I liked Elizabeth. It was visually stunning and had very fine acting. Clive Owen with a rakish smile and intense gaze, hanging off of a mast with his waistcoat blowing. Did you hear me, people? Clive Owen on a ship. Cate Blanchett was burning bright, with a slightly aged and wearied face and brittle temper. Abbie Cornish wasn't annoying--in fact, she was kind of okay. Geoffrey Rush is always awesome. Burning ships are truly awesome, even for one who kind of hates Pirates of the Carribbean and that weird hipster obsession with pirates (and ninjas). It was pretty well done, and I was rather satisfied with it.

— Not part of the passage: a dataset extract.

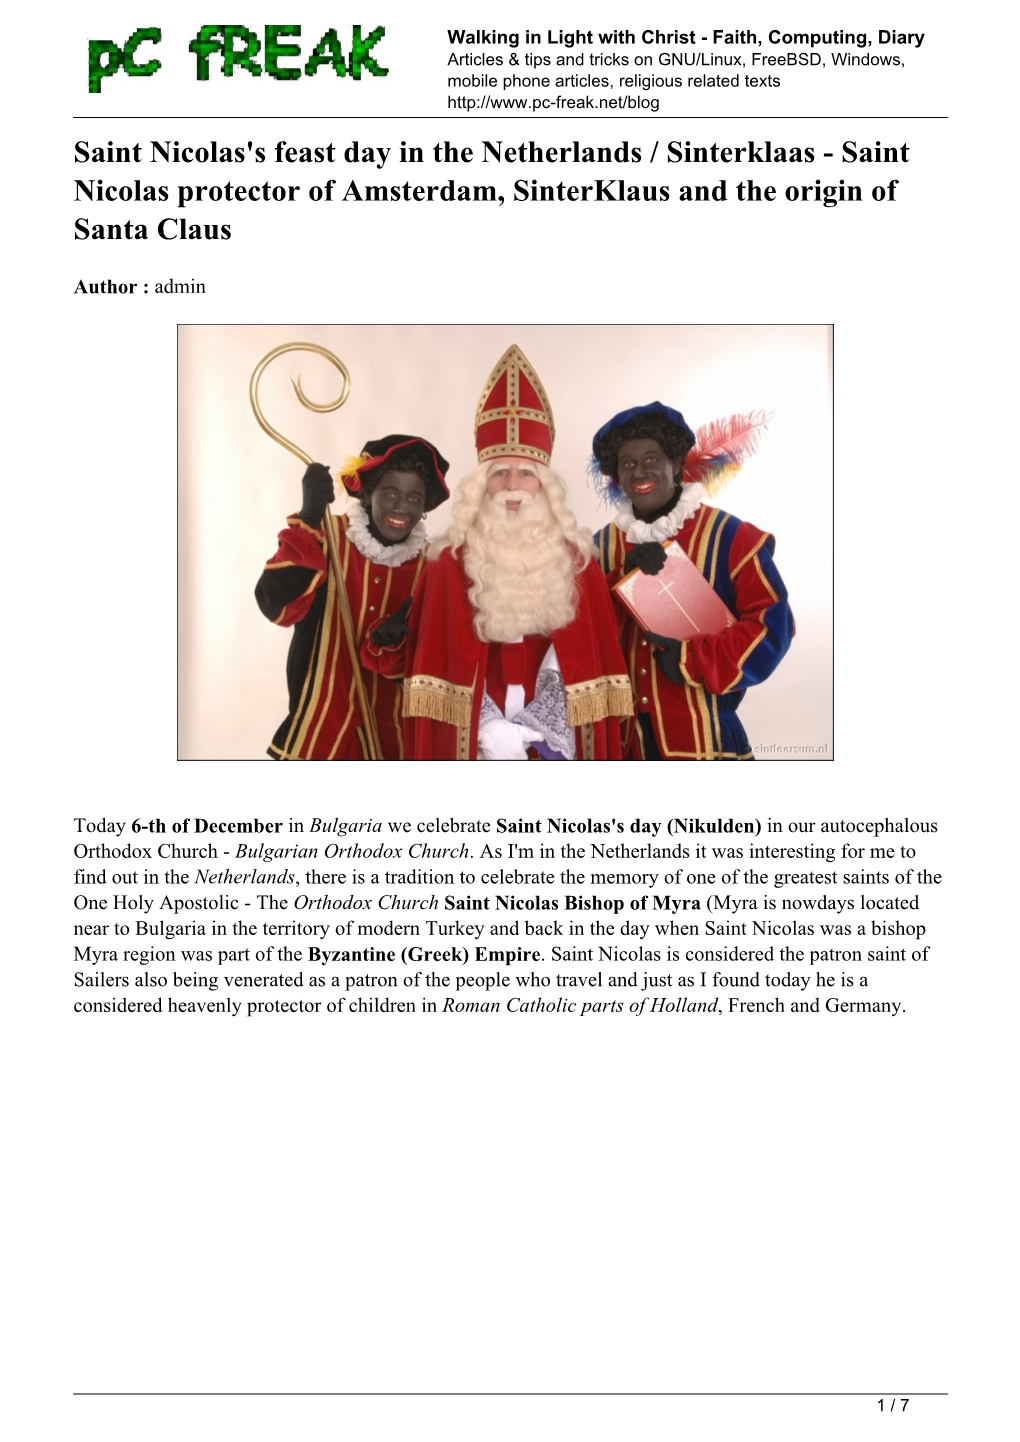 Saint Nicolas's Feast Day in the Netherlands / Sinterklaas - Saint Nicolas Protector of Amsterdam, Sinterklaus and the Origin of Santa Claus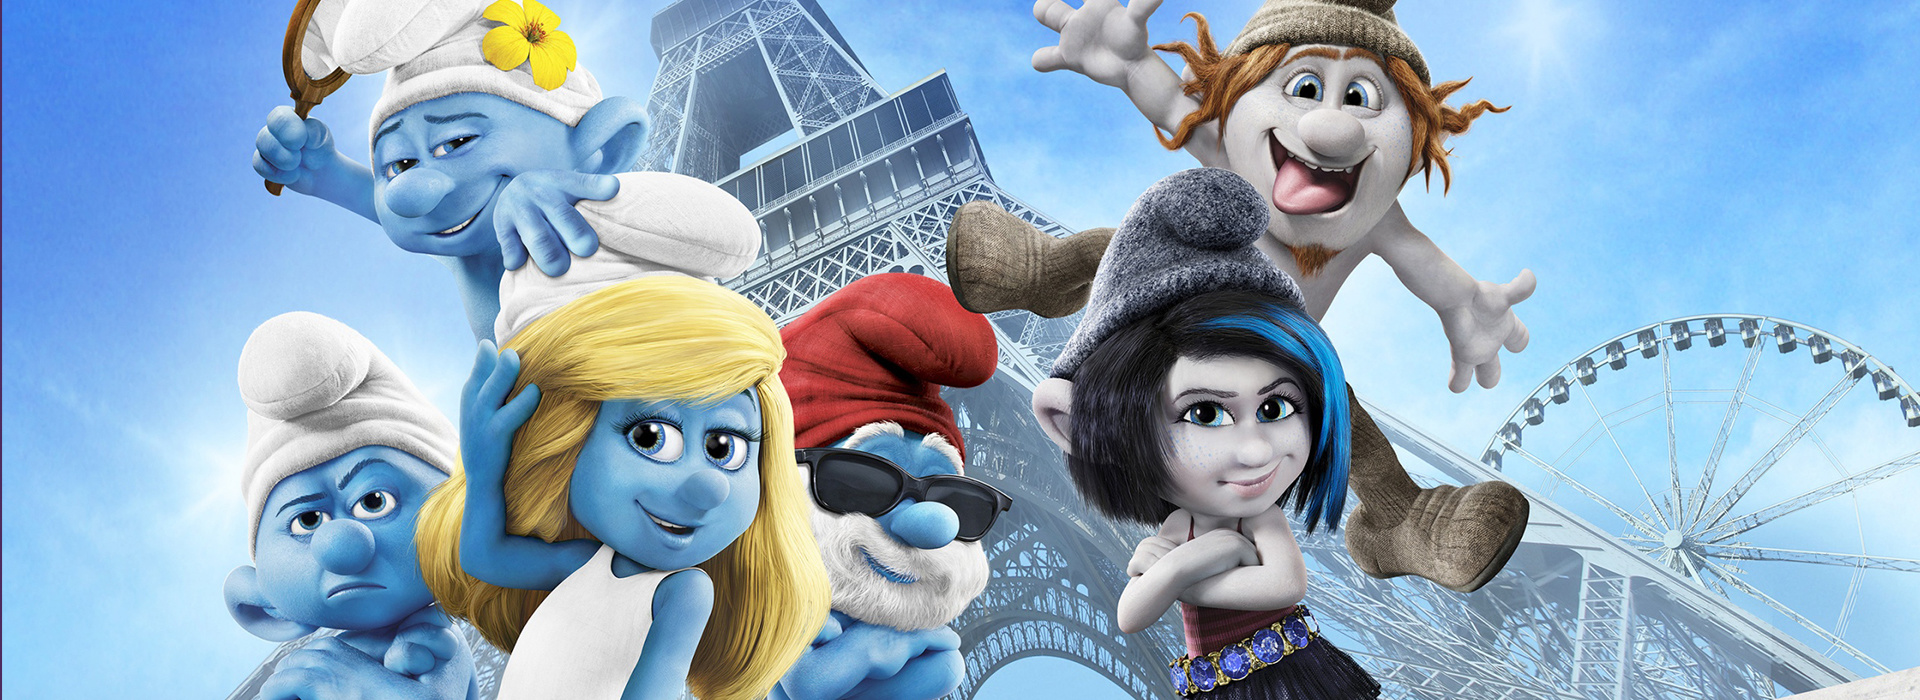 Movie poster The Smurfs 2

Even more enjoyable was Saturday night's movie, The Darjeeling Limited. It was intended to be the mutually agreeable, "fun" post-dinner/pre-gelato choice. There are few movies that can be mutually agreed upon by two people of different aesthetic tastes and worldviews. He is Bauhaus, I am Prarie School; he is Reggae, I am Indie Rock; he's the economist, I am the sociologist; he's micro, I'm macro; he's the Utilitarian, I'm the Romantic, but we both say "toe-may-toe." And I think Wes Anderson movies have something for everyone--everyone who is a little too fond of irony, obscure movie references, weird music picks, and their own discerning tastes. Which is everyone of a certain level of education and pretense.

All I can say is, good thing I didn't see it with a post-modern, post-colonial, I-worship-at-the-altar-of-Edward Said-and-Franz-Fanon po-mo/po-co person. Although Jonah Weiner does not explicitly reference Said and Fanon, his review of the racial themes that undercut Wes Anderson's movies owe much to post-colonial theory. Weiner decries "an obnoxious element of Anderson that is rarely discussed: the clumsy, discomfiting way he stages interactions between white protagonists—typically upper-class elites—and nonwhite foils—typically working class and poor. "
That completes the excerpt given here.